* _Problem description_: Each line of the listing below must be retyped exactly, with images left out.

* _Data_:
++++++

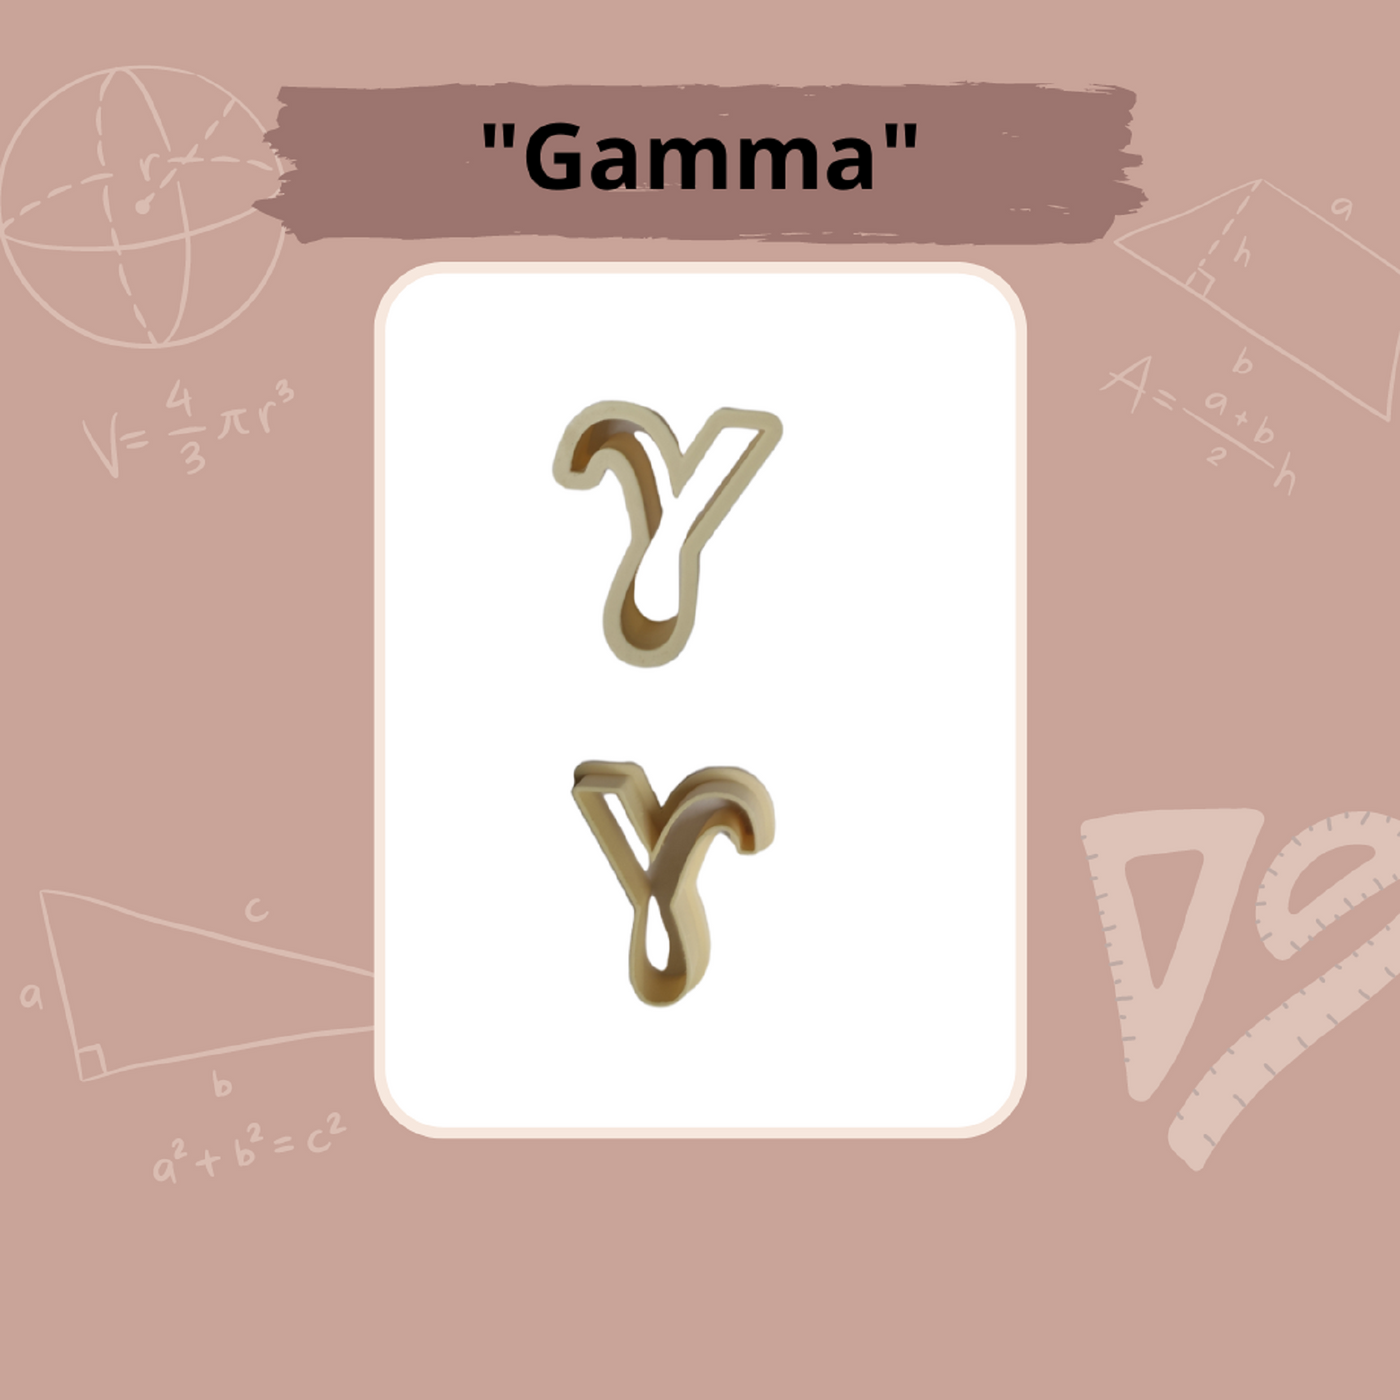 Keksausstecher "Gamma"
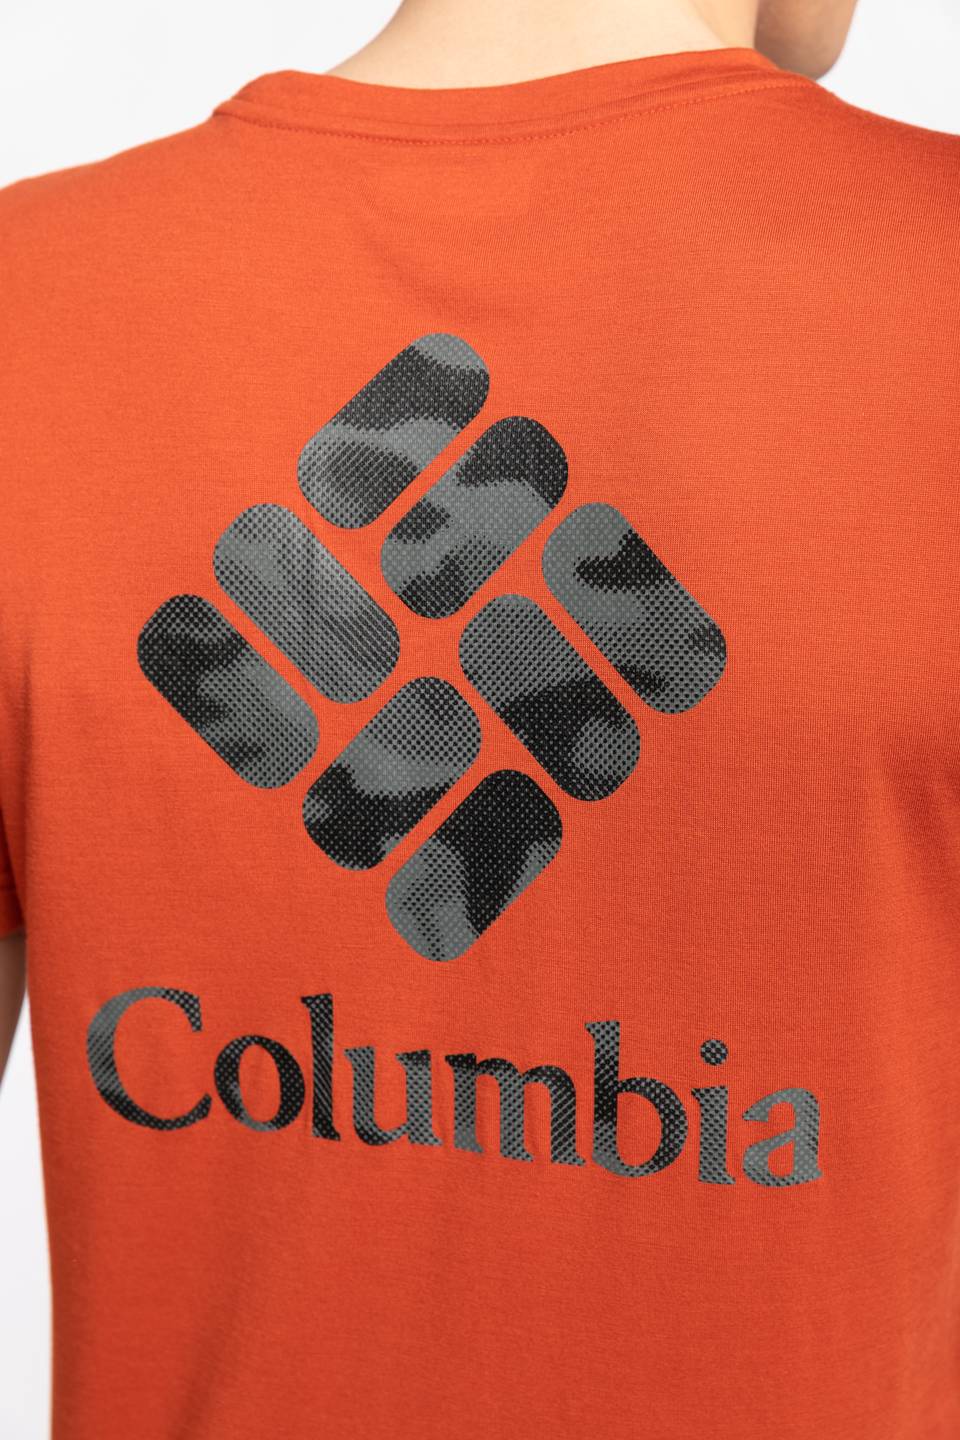 Koszulka Columbia Z KRÓTKIM RĘKAWEM 1883433-248
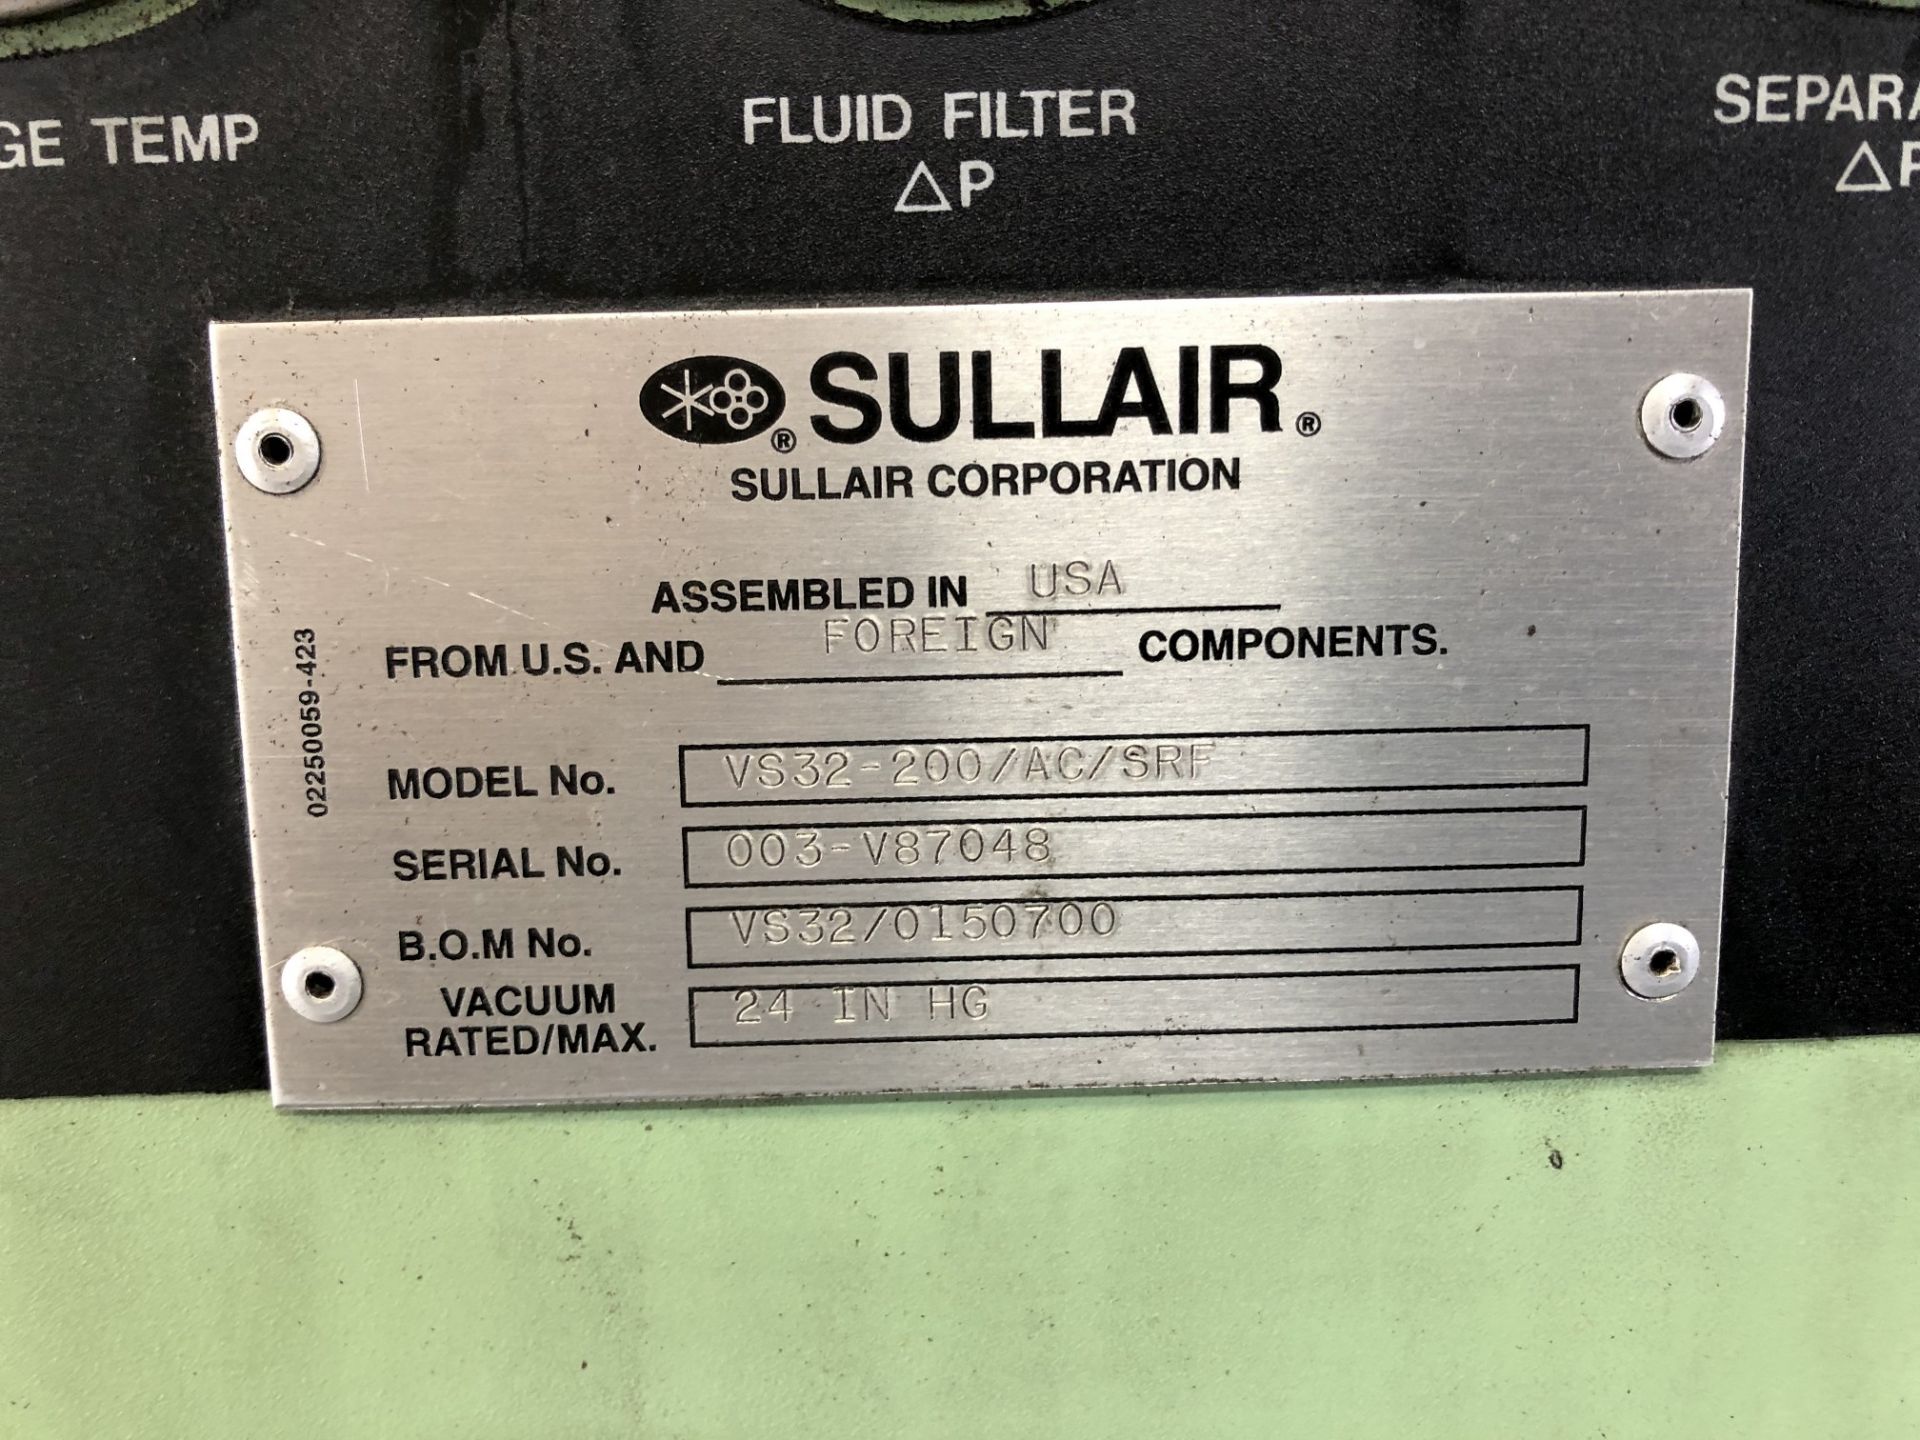 Sullair 200 HP Vacuum Pump, Model VS32-200/AC/SRF, Meter Read 90,261 Hours on 12/17/2019, S/N 003- - Image 6 of 6

++++++

* _Exercise output_:
 Keksausstecher "Gamma"
 Koszulka Columbia Z KRÓTKIM RĘKAWEM 1883433-248
 Sullair 200 HP Vacuum Pump, Model VS32-200/AC/SRF, Meter Read 90,261 Hours on 12/17/2019, S/N 003- - Image 6 of 6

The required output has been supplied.